Data excerpt

+-------+

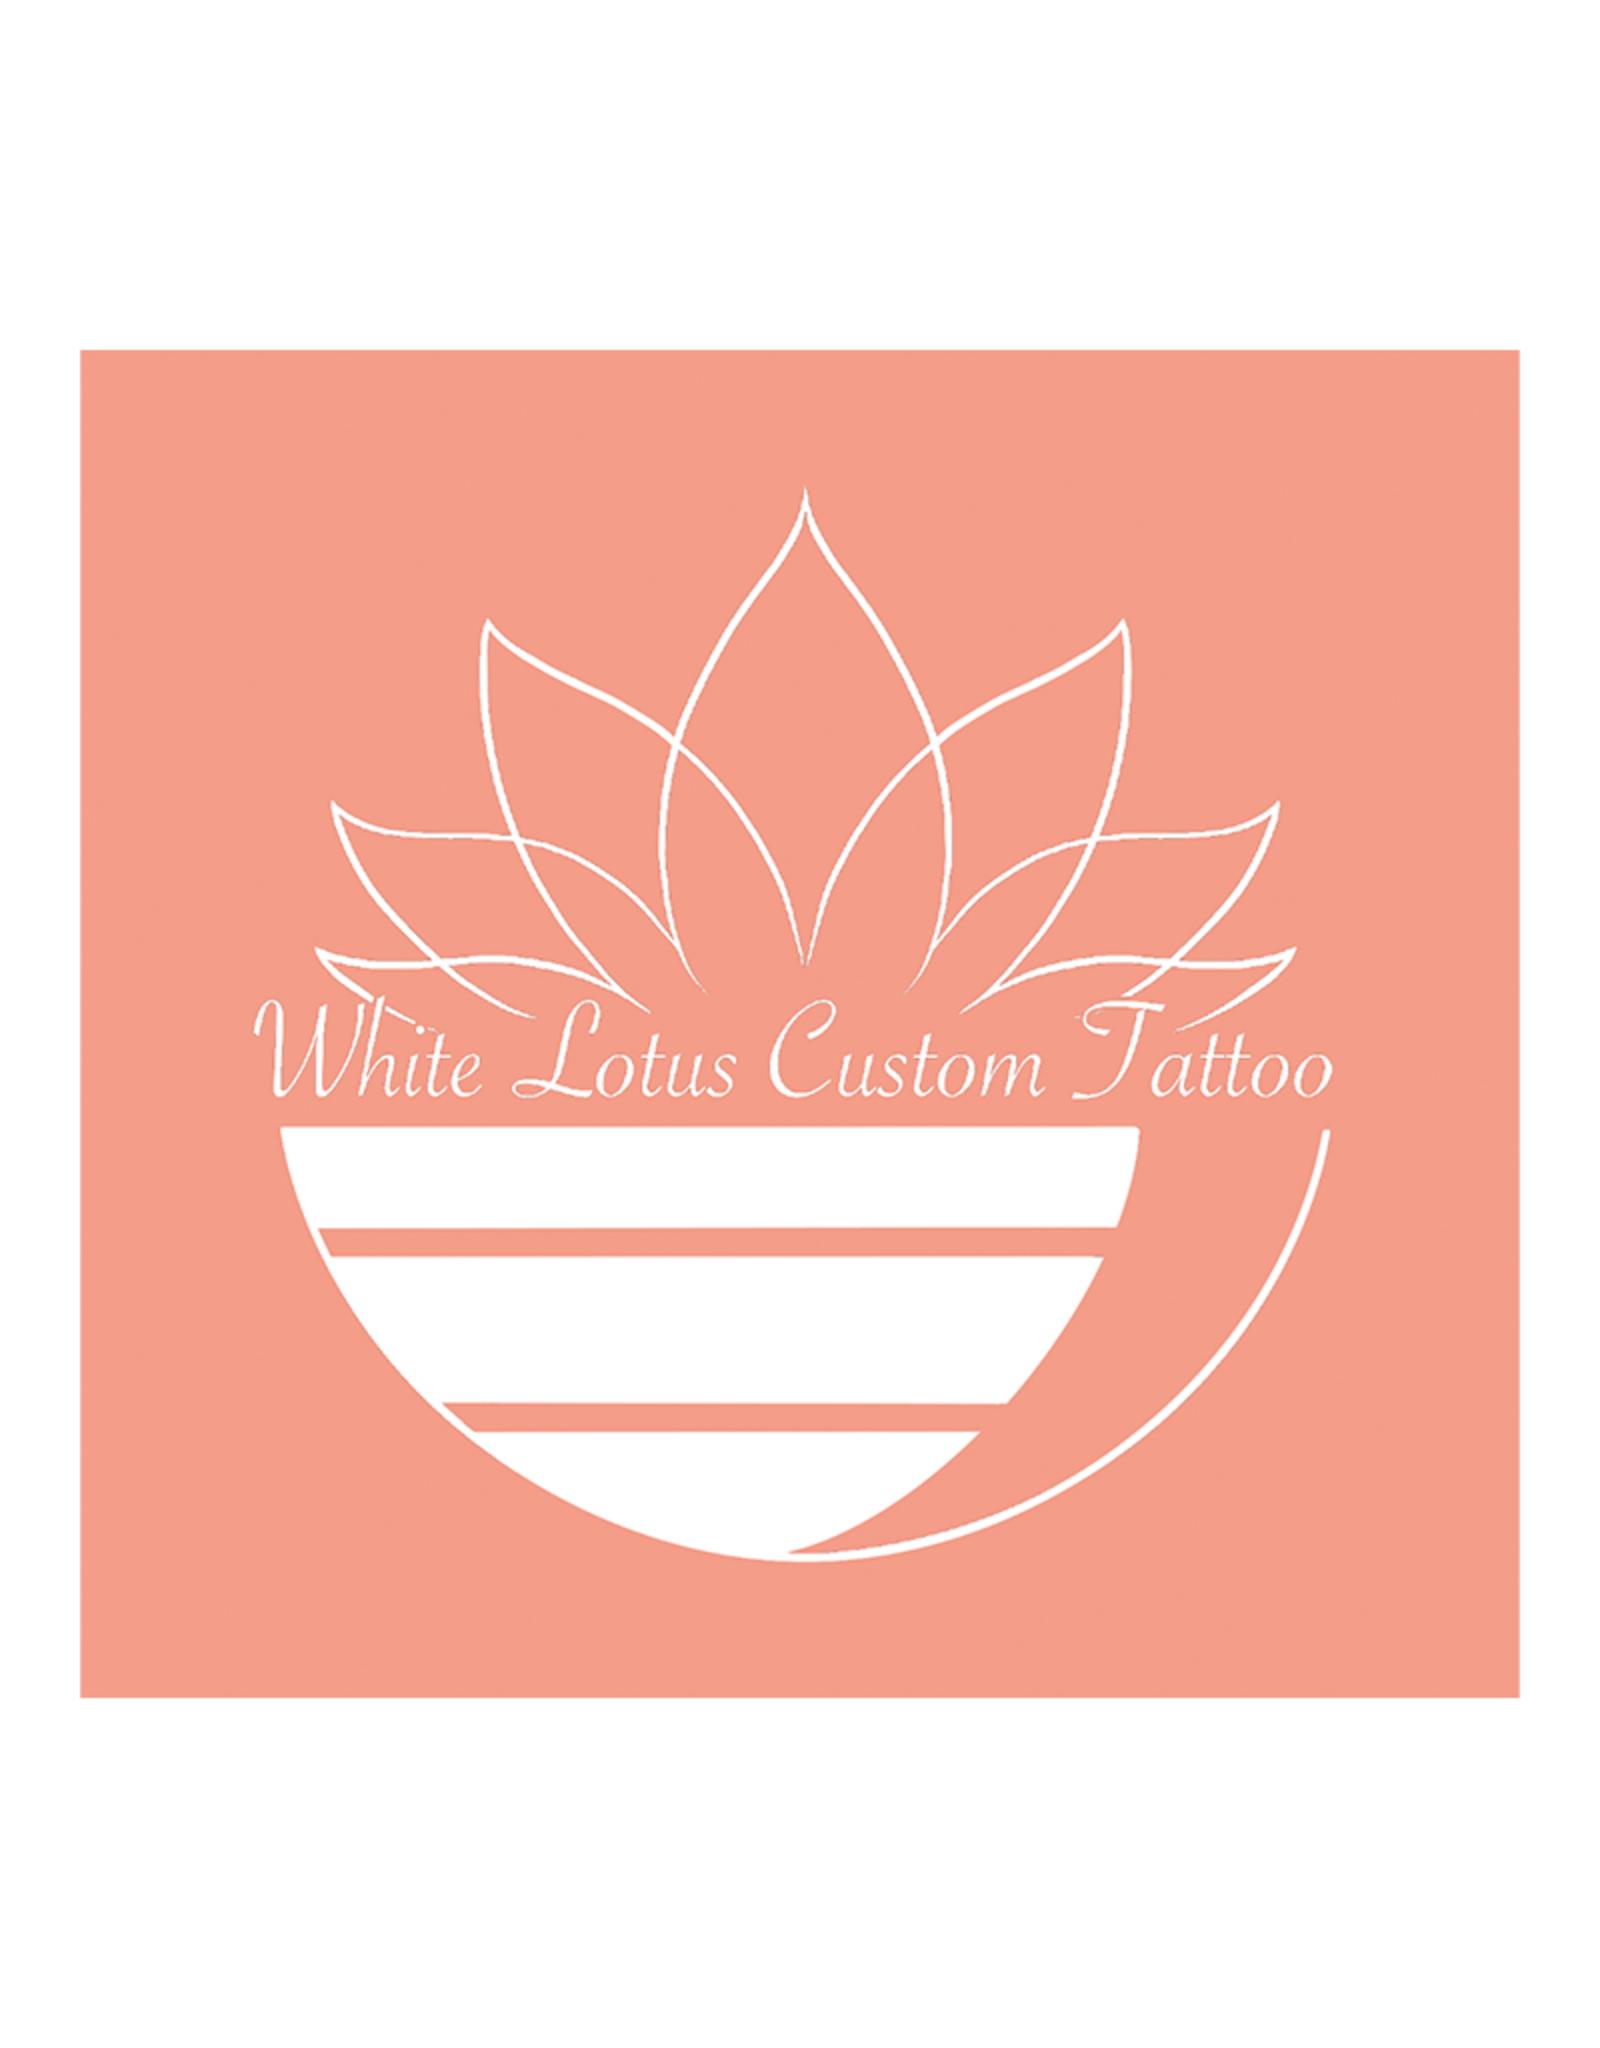 White Lotus Tattoo (Skull Rose Tee)
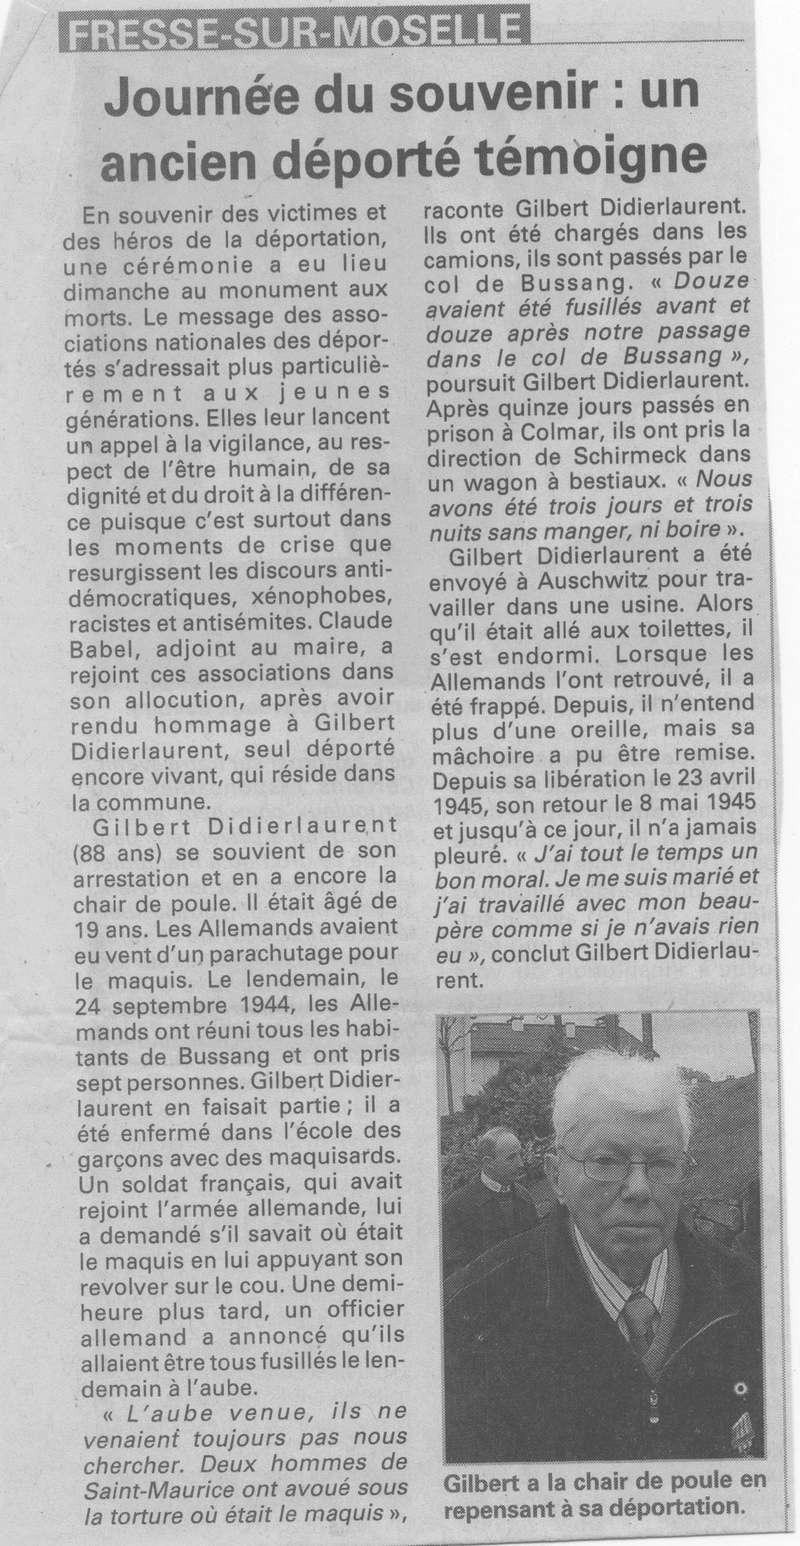 BUSSANG - SOUVENIRS DE GILBERT DIDIERLAURENT 39_00110
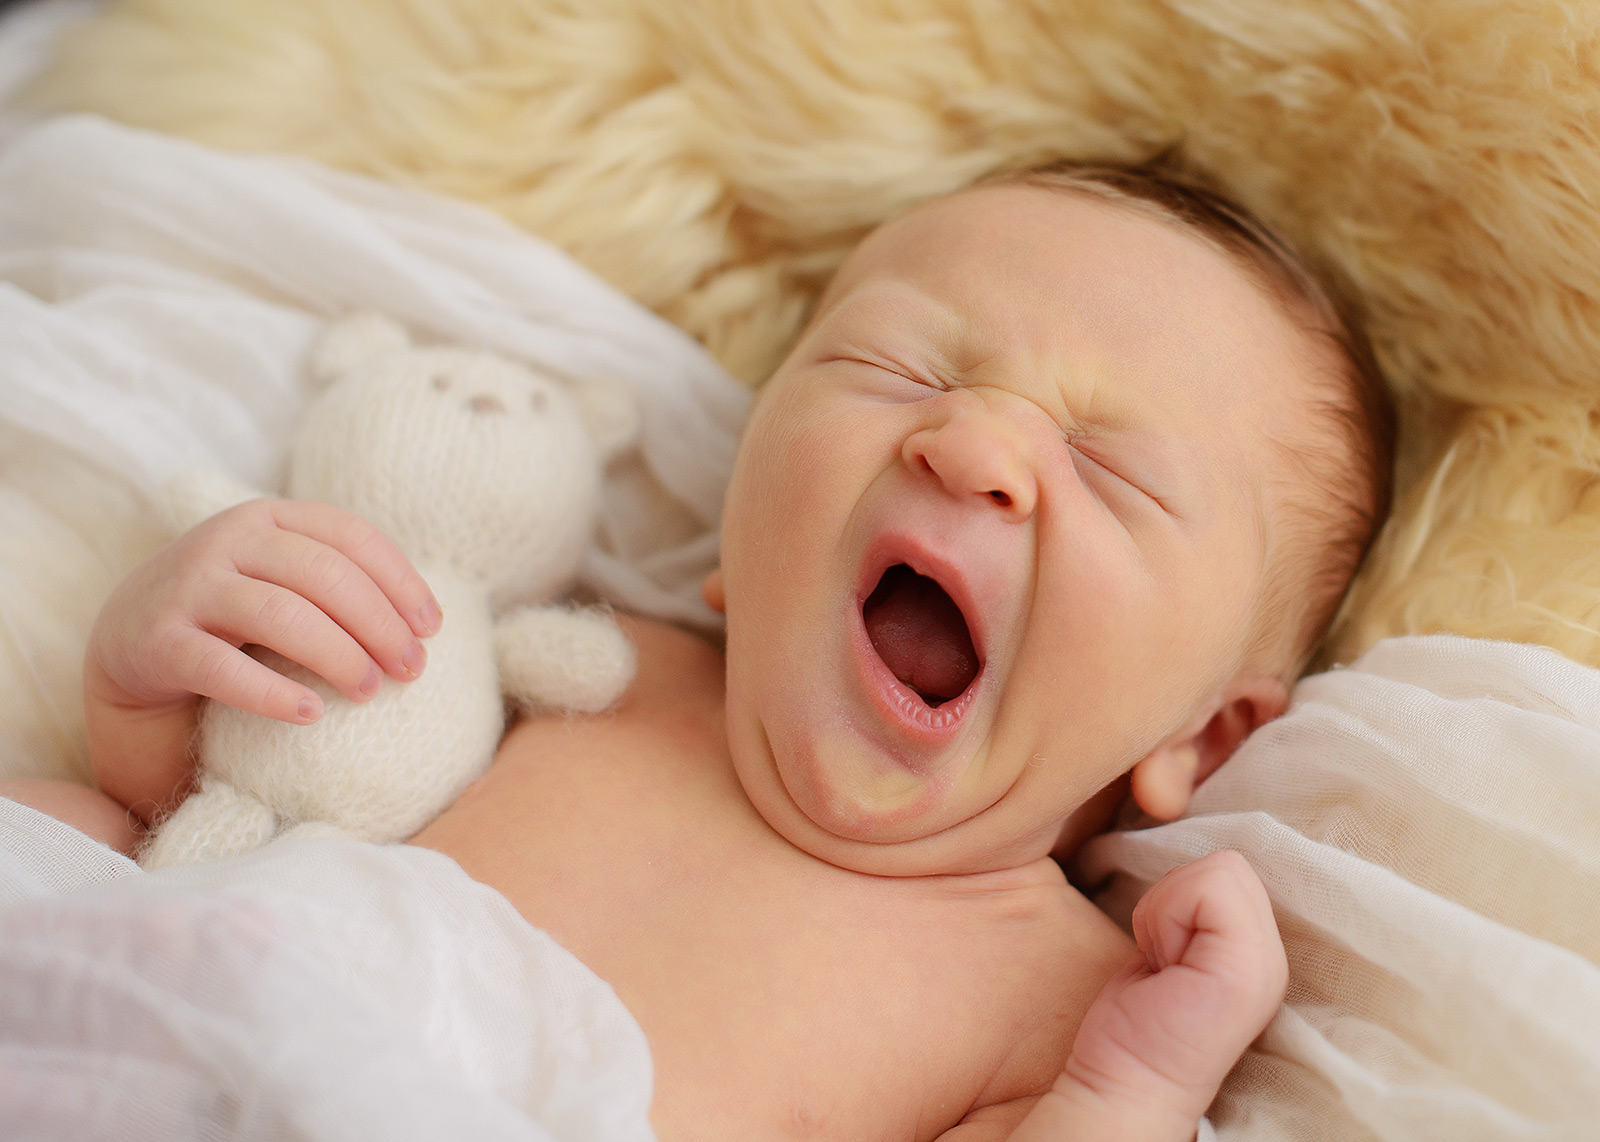 Newborn baby boy yawning on fur throw

+-------+

Prompt
Print the listing exactly. No pictures belong in the copy.

Your response
 White Lotus Tattoo (Skull Rose Tee)
 BUSSANG - SOUVENIRS DE GILBERT DIDIERLAURENT 39_00110
 Newborn baby boy yawning on fur throw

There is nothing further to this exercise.